The Farm originally extended well to the south. The uplift of the mountains south of Vegaz, however, made this land unsuitable for farming - rocky, jumbled, high and dry - and the equipment that was used there has been stored for future cannibalization. Much equipment has been modified to deal with the new kinds of creatures which constantly try to enter Farmland. The Farm has a number of Stunray-armed Robots watching the borders of the farm. They look for wild animals. (The CI uses these definitions: animal: anything that moves under its own power and does not (A) look like a PSH or (B) wear artificial clothing; wild: any animal not accompanied, or clearly controlled by, a PSH.) Wild animals are stunned and removed to the desert around the Vegas Basin.
The Mech-Farm was discovered by a Mead Army expedition several years ago. Since that time, the CI has agreed to work for the Mead Government. By deliberate choice, Mead has not relied on the Mech-Farm for its food; the old Regent felt that it would be degrading to sentients if they were allowed to eat fine foods without having to work to earn it. Because of the months of chaos after the assassination of the last Prince, and the subsequent damage and neglect of the Mead Valley irrigation systems, the New Government has modified that policy. To prevent starvation, the Mech-Farm's bounty was made available. (Of course the sudden glut of food dropped prices to almost nothing.)

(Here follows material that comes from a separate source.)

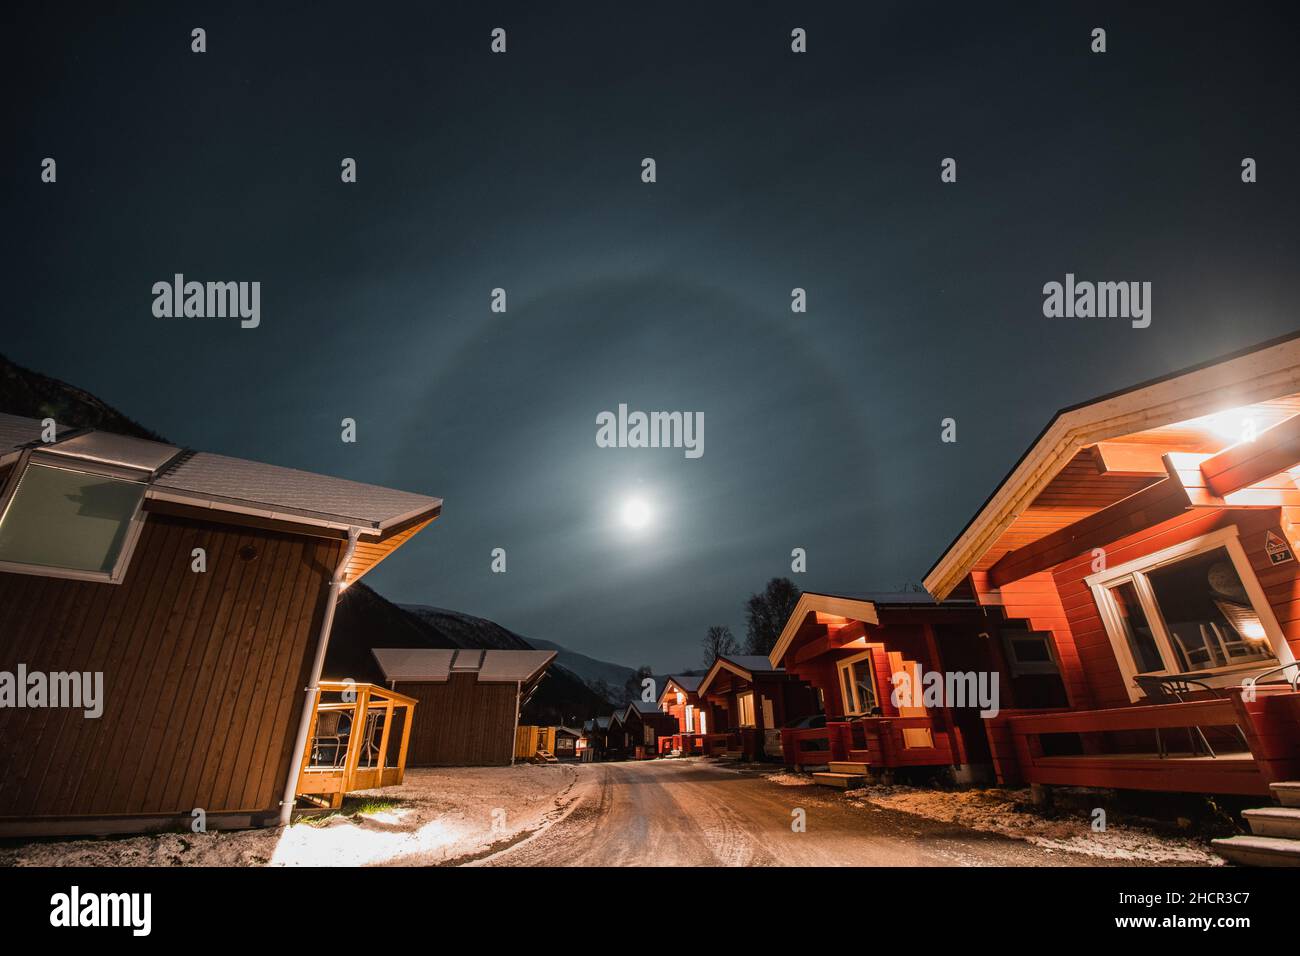 L'effetto alone della luna nella città norvegese settentrionale di Tromso tra le tipiche capanne rosse. Una luna che sospira, lontano dal Circolo polare Artico. Foto Stock

The former surplus has been eaten while the irrigation canals were repaired and new crops planted, so supply and demand balanced out again just before the harvest. The New Government hails this fortunate outcome as good planning, but everybody knows they are just boasting.
The Mech-Farm has become a base for the New Government in their determination to further explore and understand the Artifacts left in the ruins of Vegaz.
Before the War, the Morocco Hotel was one of the dozen great hotel/casinos devoted to its guests' pleasure. The building stood 10 stories tall, with three towers (for guest rooms) 25 stories tall. As a result of the Final War attacks near the city, the towers are structurally unsound. The roof also suffered damage. The MBC weatherproofed the roof, but could only patchwork the towers; they have been closed off. All floors in the main building are open, however. The first floor below ground is a parking garage with openings (locked, at the moment) to Las Vegas Boulevard ("The Strip"). There are a number of busses in one corner of the garage. Most of the garage is full of "golf carts": open solar/battery vehicles which move at about twice PSH walking speed.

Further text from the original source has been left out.